**Given information**.

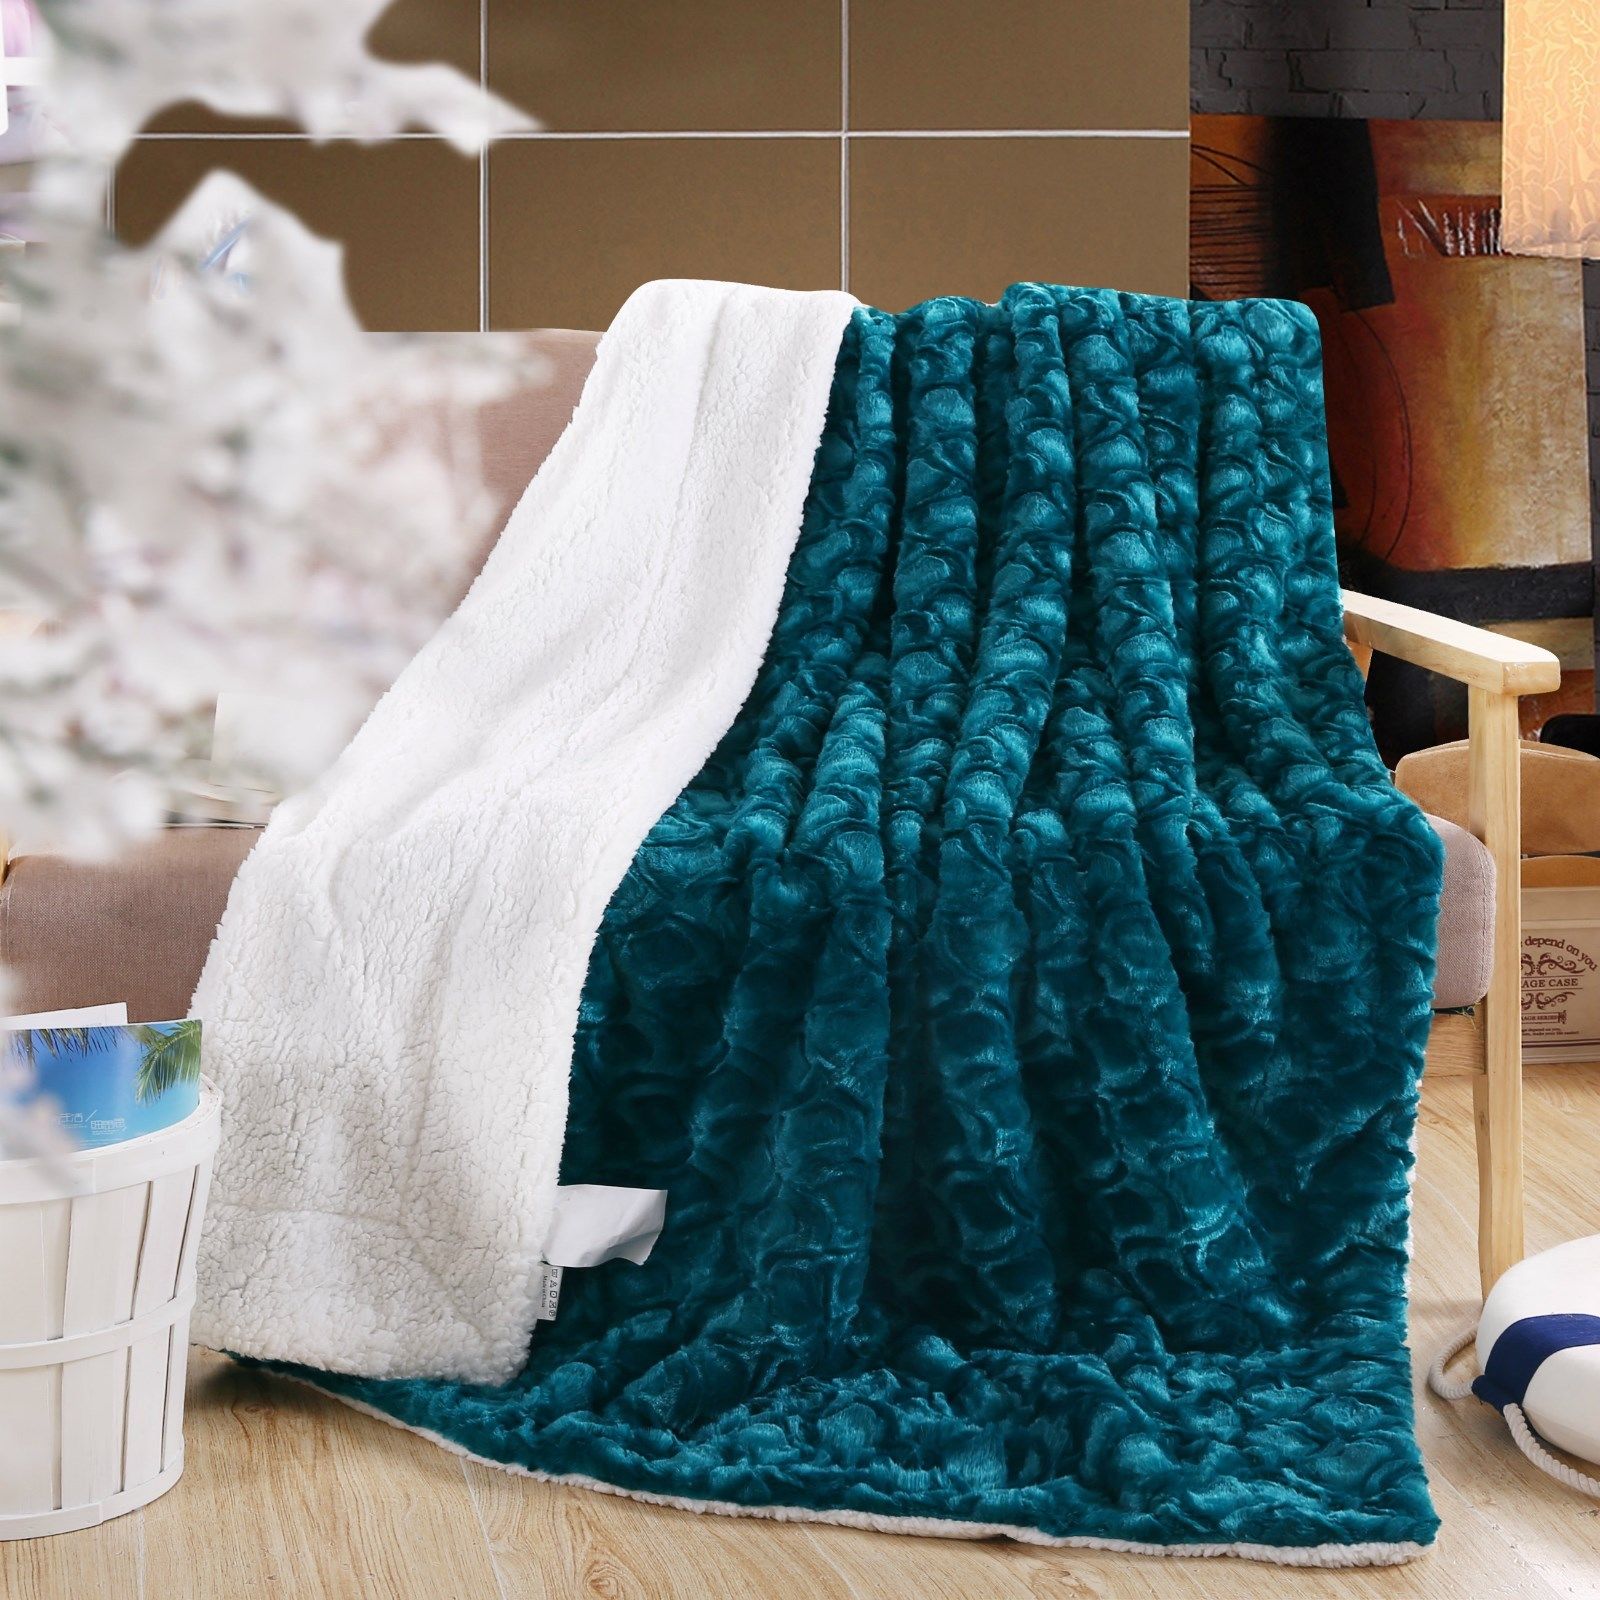 Scale Blanket Mermaid Scale Throw Blanket Blue Fish Scale Printed Sherpa Fleece Blanket Soft Boys Girls Warm Blanket for Bedroom Couch Sofa Twin , Scale 60x80
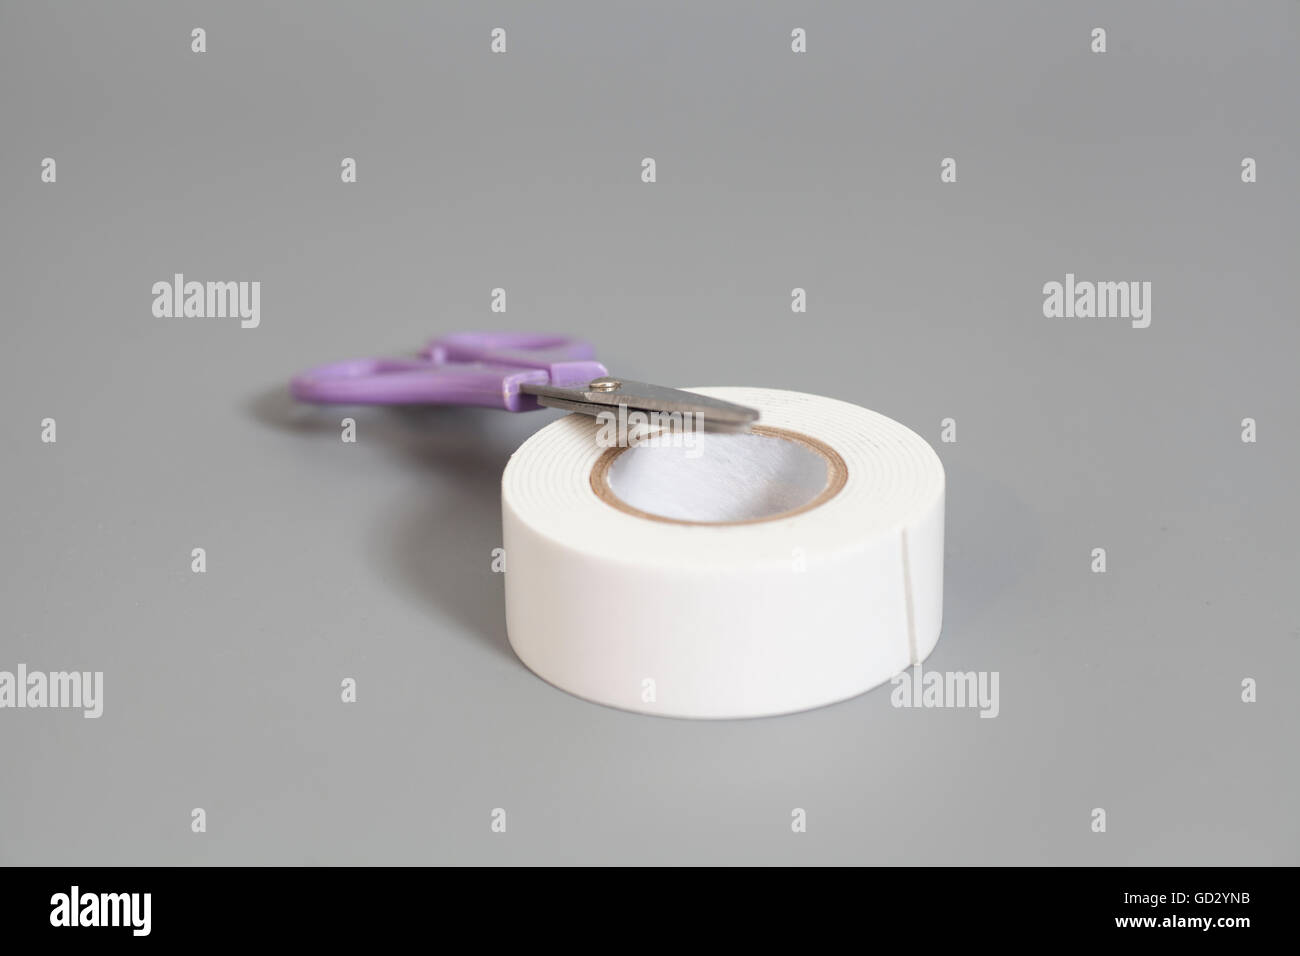 Scissors And Roll Of Duct Tape isolated on gray background Stock Photo
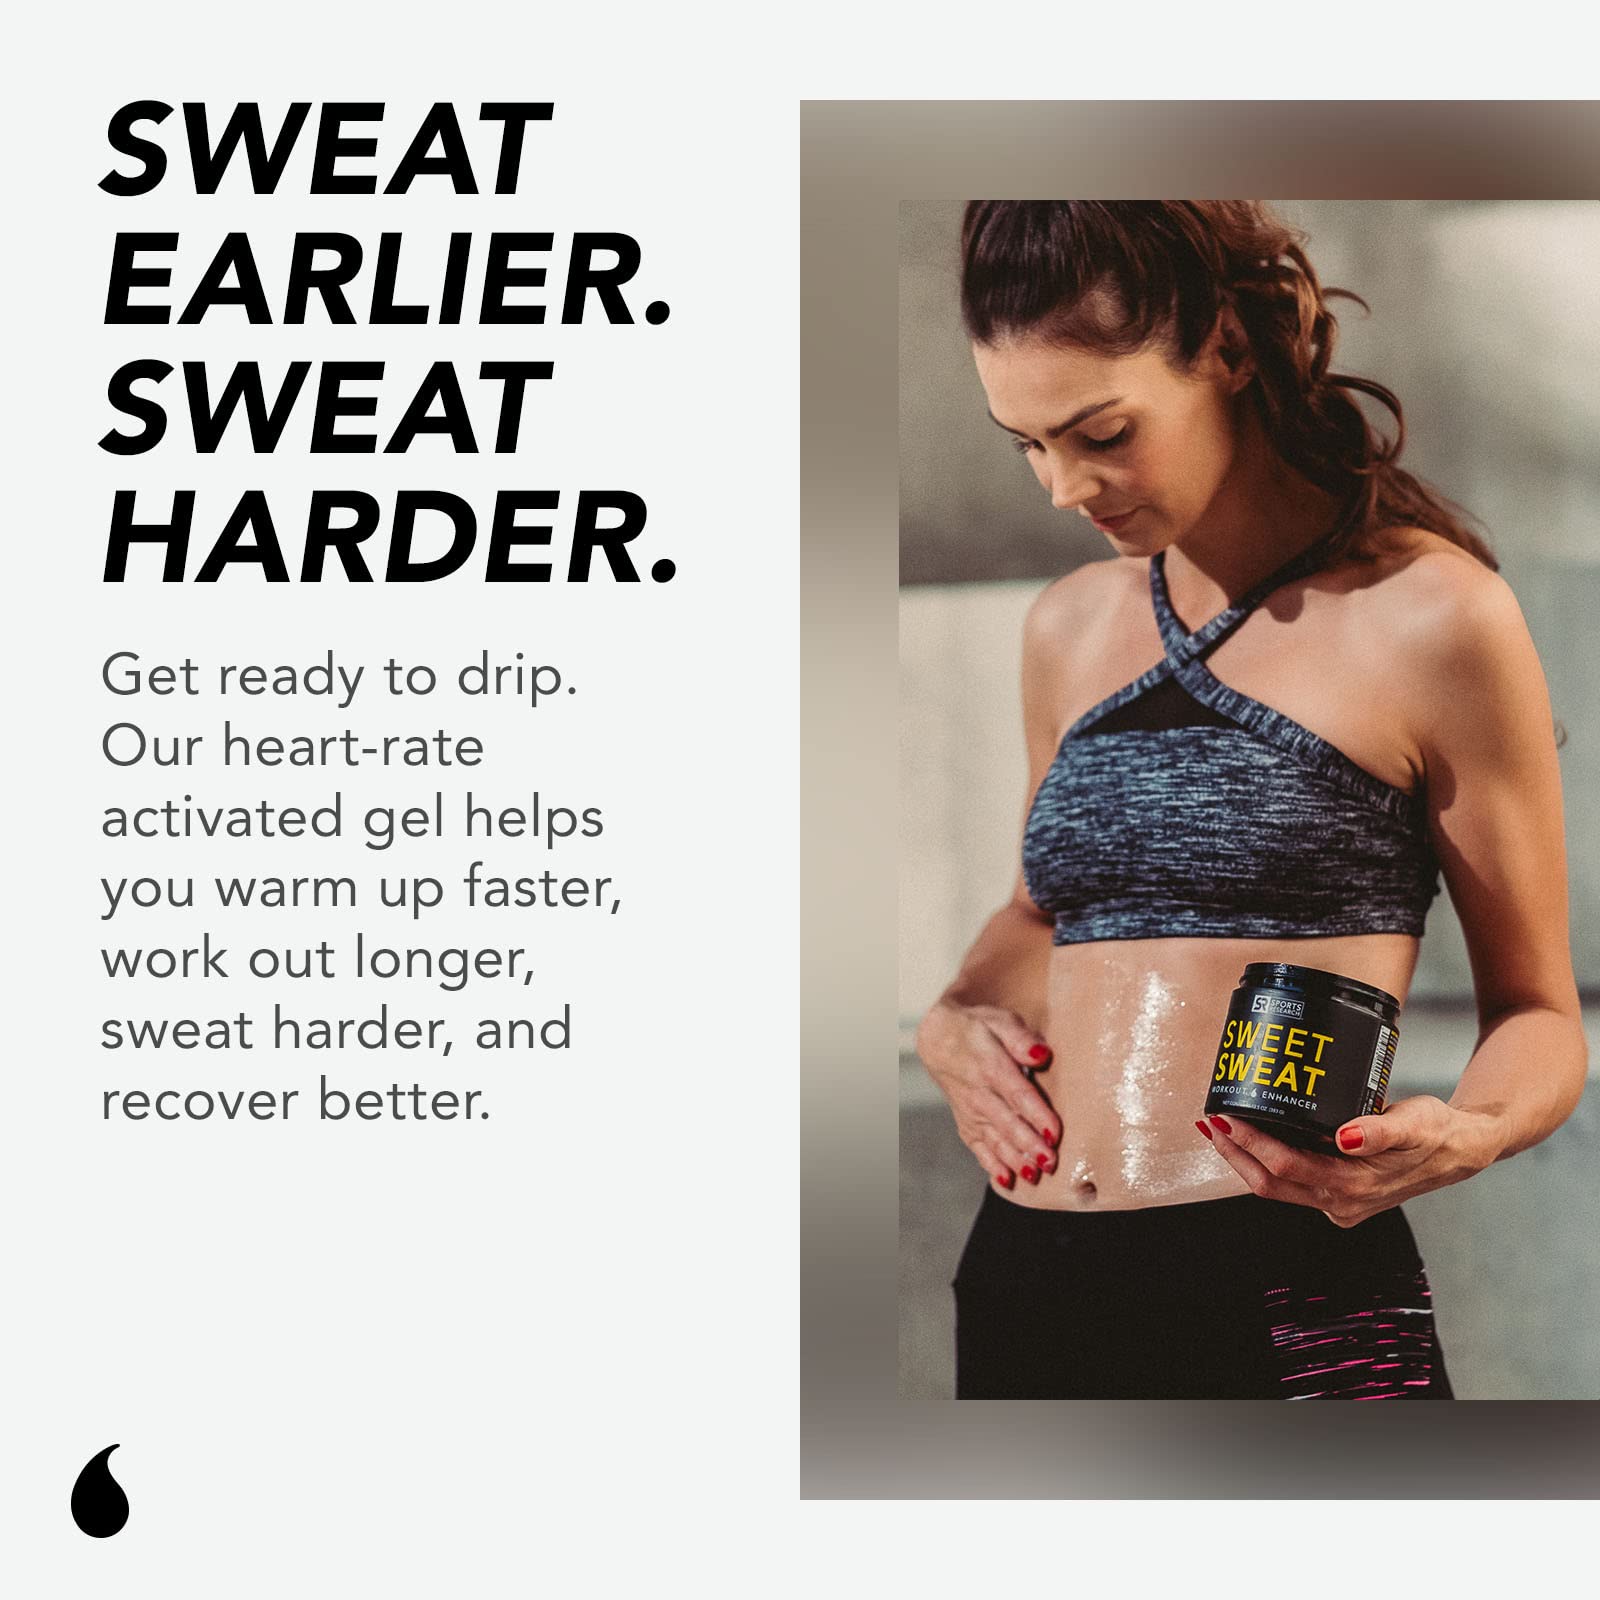 Sweet Sweat Workout Enhancer Gel - Makes You Sweat Harder and Faster, Helps Promote Water Weight Loss, Use with Sweet Sweat Waist Trimmer Sauna Suit - 13.5oz Jar

**Work required**.
Repeat, line for line and exactly, the material from its first line through the line that contains "Scissors And Roll", both ends included; no pictures belong in the copy.

**Exercise output**.
 Scale Blanket Mermaid Scale Throw Blanket Blue Fish Scale Printed Sherpa Fleece Blanket Soft Boys Girls Warm Blanket for Bedroom Couch Sofa Twin , Scale 60x80
 Scissors And Roll Of Duct Tape isolated on gray background Stock Photo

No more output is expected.